After an eventful ten months, I am back on the blog.
First novel finished. MFA nearly earned. A few articles, short stories and poems published here and there. A lot learned.
Travel? Not so much. There was a last-minute press trip to Israel in February which was pretty incredible. And some local travel funded by a grant from the Ontario Arts Council for the collection I’m hastily trying to complete in time for the CBC Literary Awards deadline.
But mostly I’ve been hunkered down in my head for the last long while, writing poetry for last fall’s amazing workshop with Dionne Brand, fiction for the winter workshop with funny and insightful Michael Winter (my favourite quote from that class, paraphrased: “We want to write about death and longing and we’re stuck describing the jam jars”) and, most challenging and educational of all, writing, examining, editing, analyzing and rewriting my first novel, Swarm, with Susan Swan.
Awhile back Nomadic Matt commented on my blog that he didn’t understand why people took classes for creative writing. What do they teach? he asked. How to be more creative? Unfortunately, some deadline or other prevented me from taking him up on his challenge but I can respond now.
His questions aren’t new. They’re cousins of another comment I heard just the other day: How can poetry be good or bad when it’s somebody’s opinion?
The answer to both is CRAFT. We take creative writing classes, yes, to carve out a space to be creative. But also to hone the craft. Poetry, fiction, most writing, is good or bad according to its craft.

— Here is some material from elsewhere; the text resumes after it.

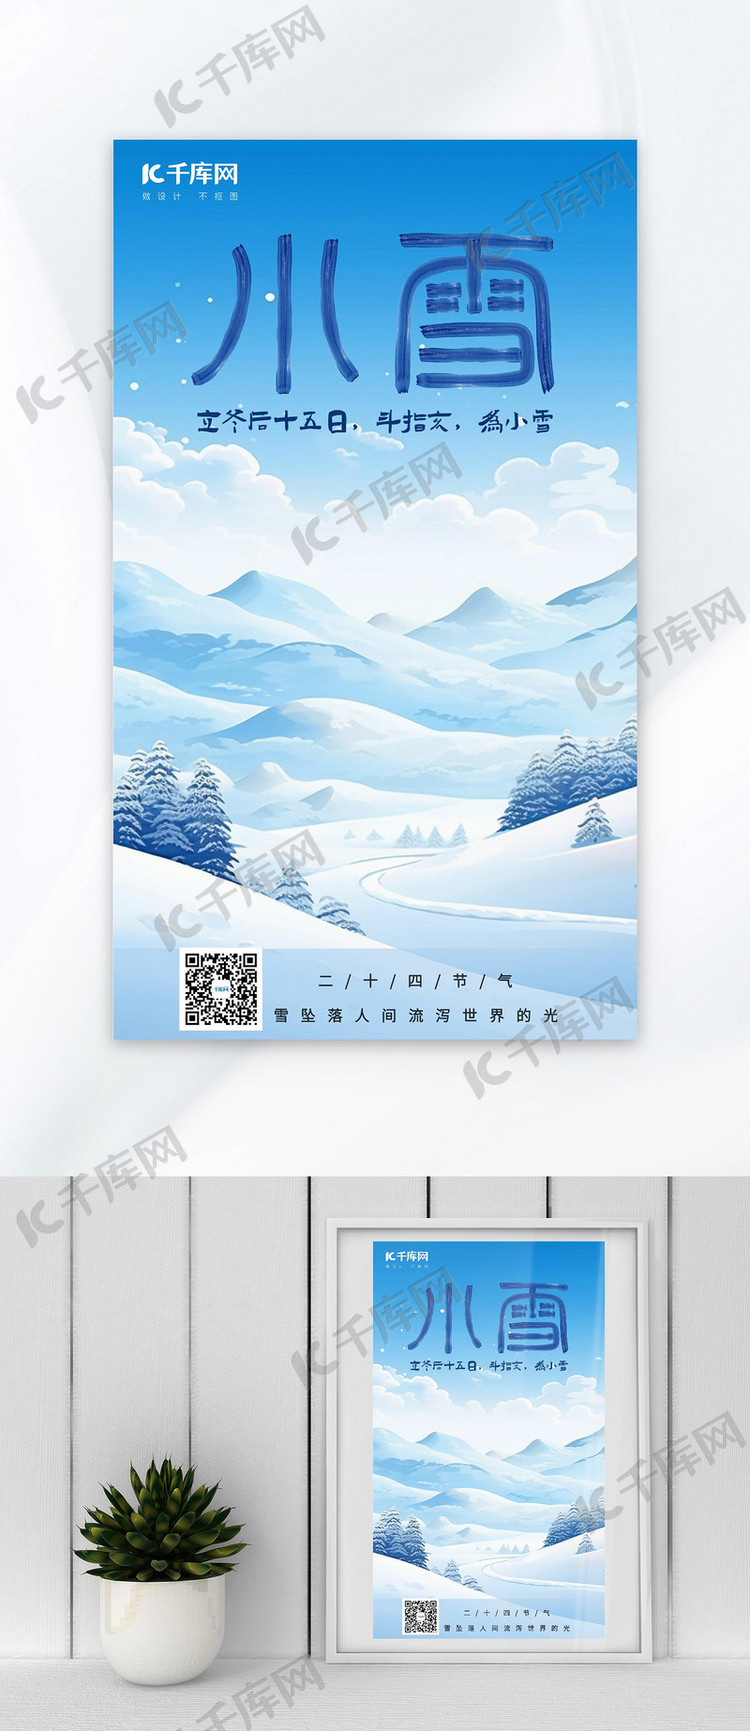 小雪冬季小雪蓝色手绘AIGC广告宣传海报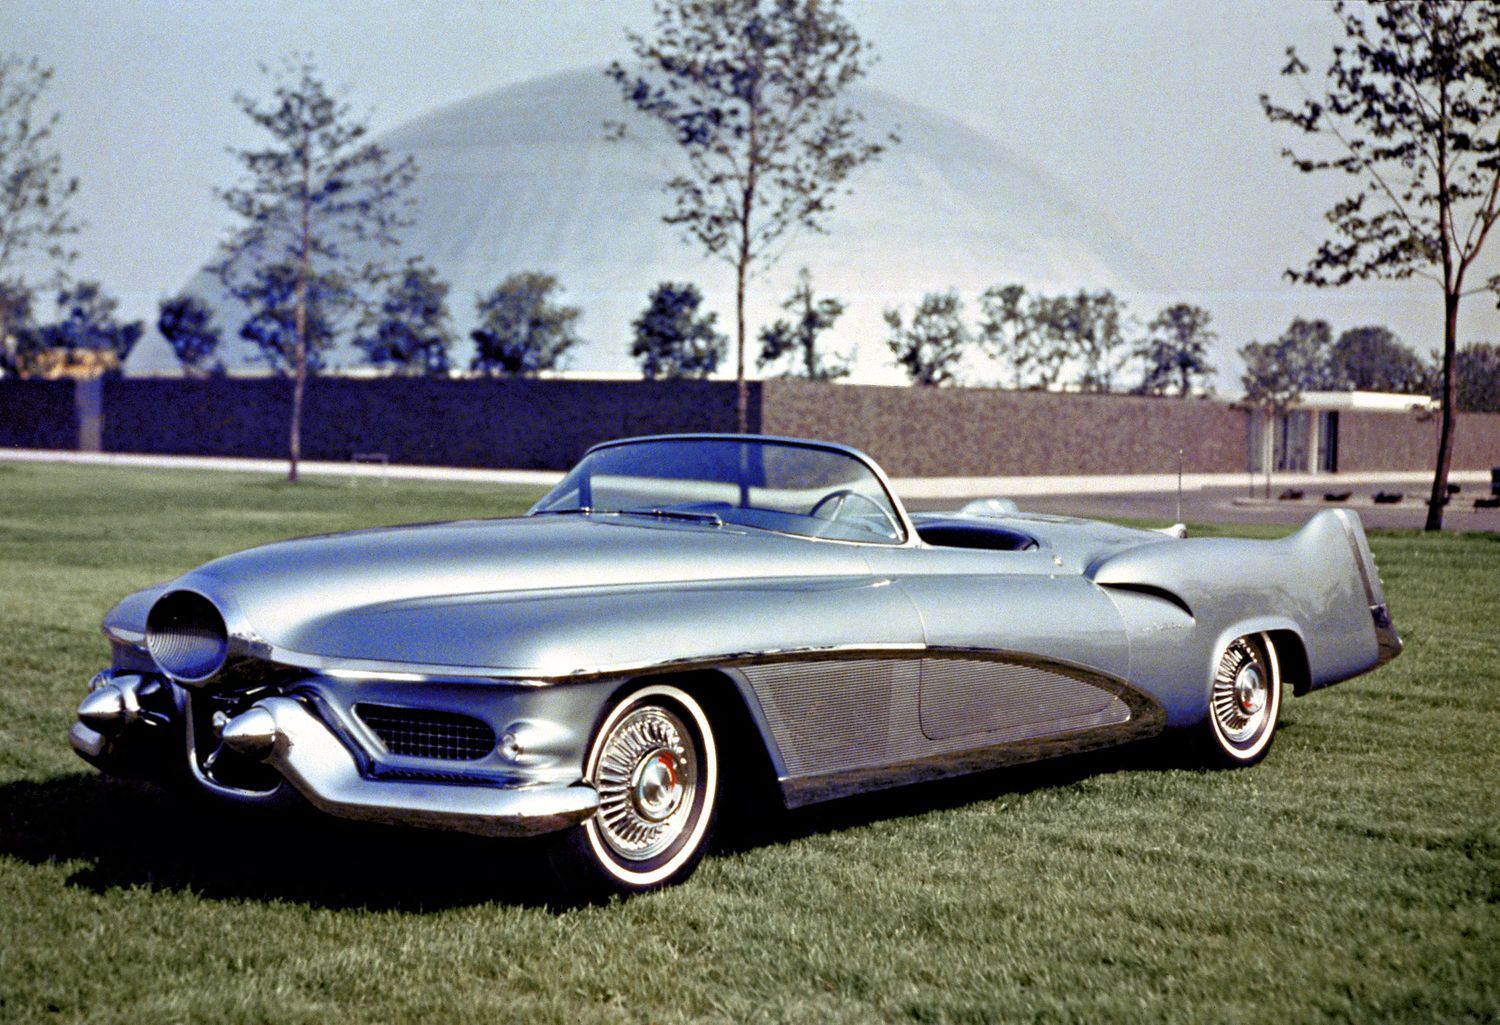 1951 GM LeSabre Concept Car parked on lawn

And with the MFA nearly behind me (in early October I defend my thesis: wish me luck!) I can say that my capacity to express the creative inside me is much improved after two years listening and talking to more widely-published writers, reading, discussing what it is to be a writer and wrestling with what the hell I’ve been trying to say.
It’s been a great two years. And now for the rest of my life.